In the last couple of months it has felt more than ever like these seemingly divergent points are coming together around a singular space and idea. A team has been established and exploring the options. What if Ford Street Church were to use the large space we are opening up as a point of resonance in our community? What if we opened a café to the public? What if the funds could be used to fund ministries of compassion (such as the Lapel Food Pantry and the above mentioned Supply Store) and to convene conversations about justice (you know, the kind of stuff typically only fire off angry facebook posts about: racism, sexism, addiction. What if we created a space that was committed to convening those conversations face to face in the presence of Jesus?! It wont happen in Lapel in any other way!). It is becoming obvious that the team is excited, but even more, that much of the church is as well. It’s not a church bell, but it is a place in which people could gather and find a kind of community that might resonate and give them the tools to face all that is happening in the world around us.

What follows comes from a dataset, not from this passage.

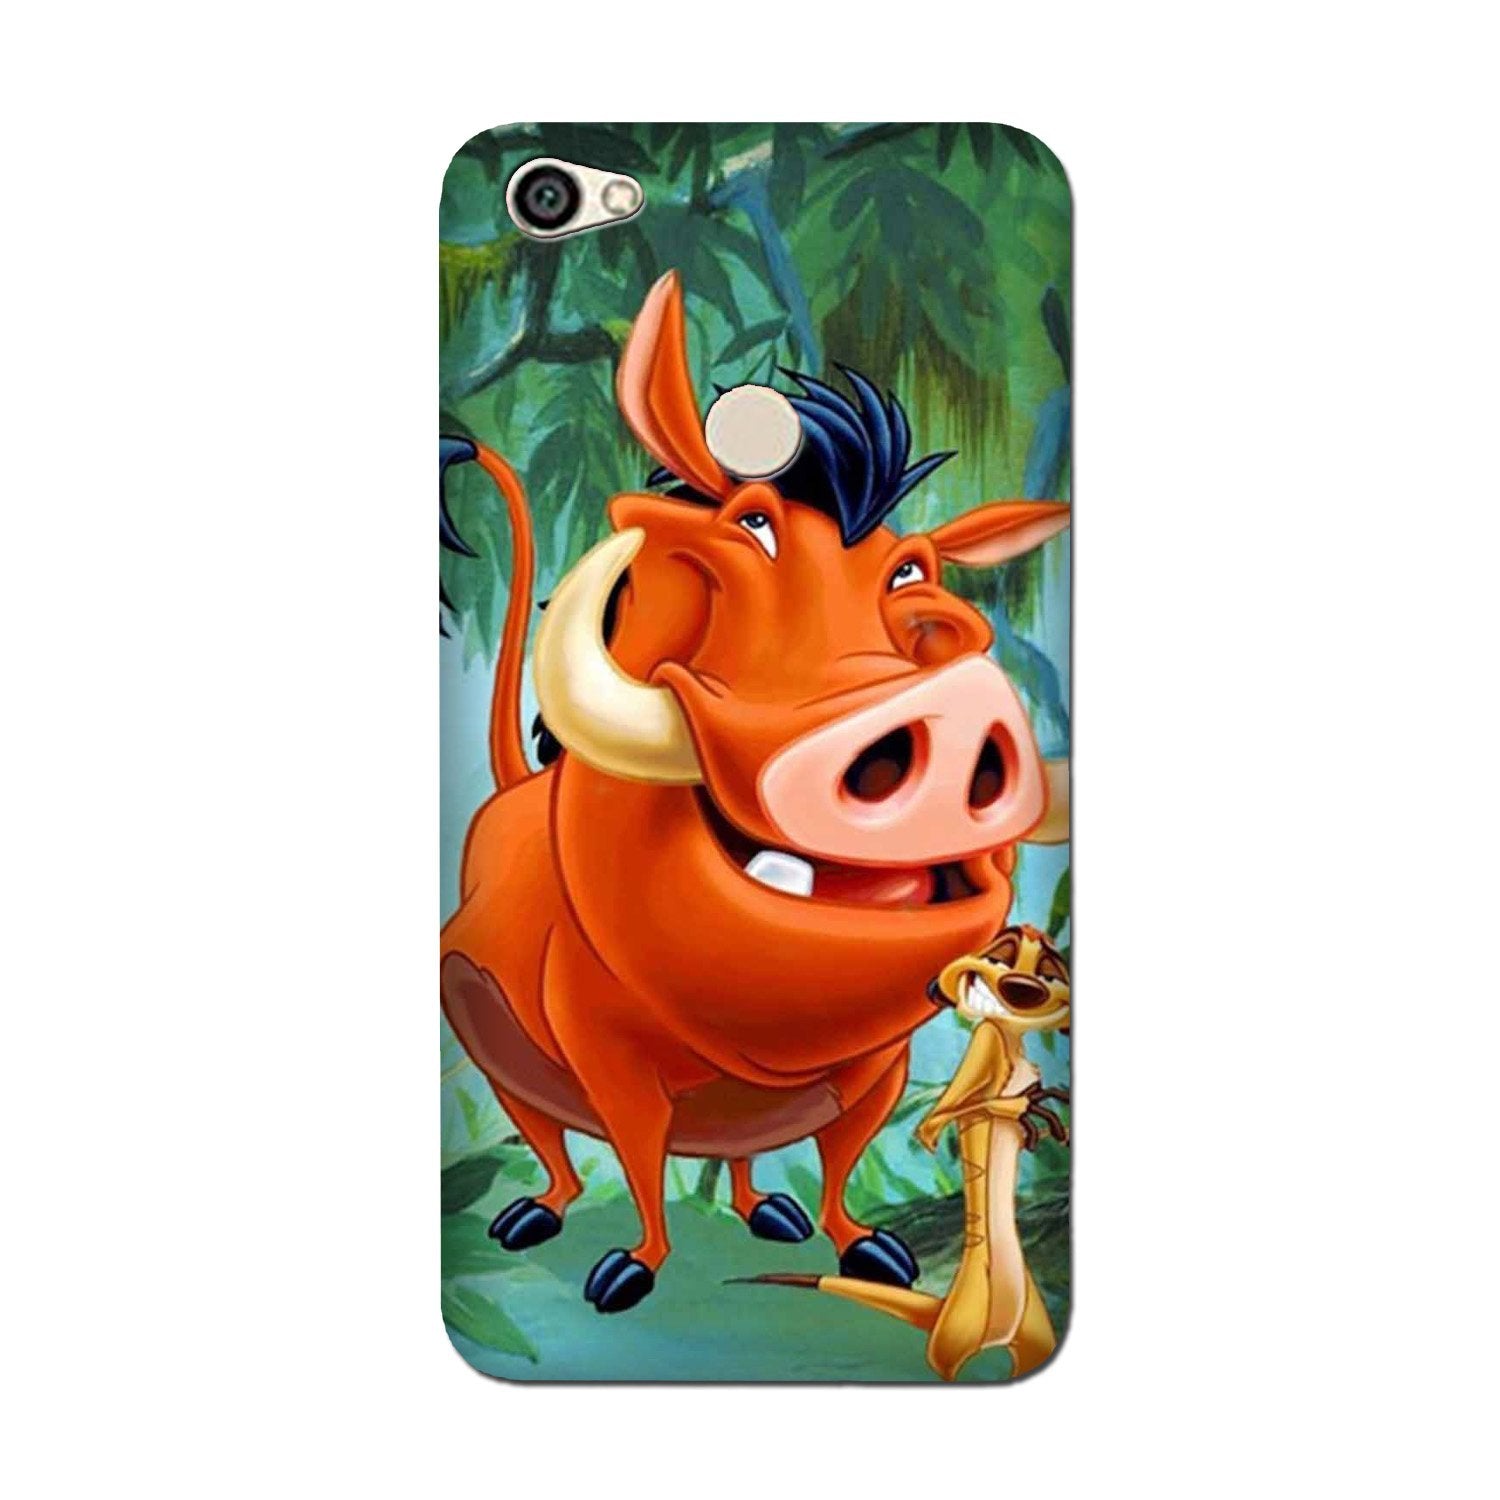 Timon and Pumbaa Mobile Back Case for Redmi Y1 Lite (Design - 305)

We’re still in the phase of asking a lot of technical questions. How will we do it? What would it cost to start? How can we fund the startup? How would we develop metrics to know we’re successful, not just in terms of money, but in terms of “resonance?” It may speak of the optimism of the moment, but some team members are taking notes and asking, “How can we create a model that other churches can follow?” The dream is alive and growing! It is ringing in our hearts!

The most exciting of all of this is that even the older parishioners are asking not just about where the old church bell will go, but that we are all exploring how it will guide us in the age in which we live. Lapel is changing. 180,000 people live within 10 miles of our doorstep. Growth is projected to be rapid. The cultural headwinds are changing even faster! Yet we are committed to the love of God in Jesus Christ and we are committed to being the kind of people who cause that love, mercy, and justice to ring out in our community. We can hardly wait to see what God’s Spirit might cause to ring out next, even if we suspect it will be in a far different manner than the old church bell.

 

Comments

  1. Great blog Glenn! We can’t wait again to hear the bell ring out the welocome to the community, not just those who attend Ford Street, but to all those who may be looking for something more in their lives. Finding something to offer those who are looking is indeed a challenge that I believe we at Ford Street church will be able to accomplish together.

  2. Thanks Bob, I think we can do it too. It will be building on the things we’ve learned with the podcast discussions and women’s bible study at the Brewery. Those bells don’t look the same, but they are God’s people seeking a resonance in hearts, just as sure!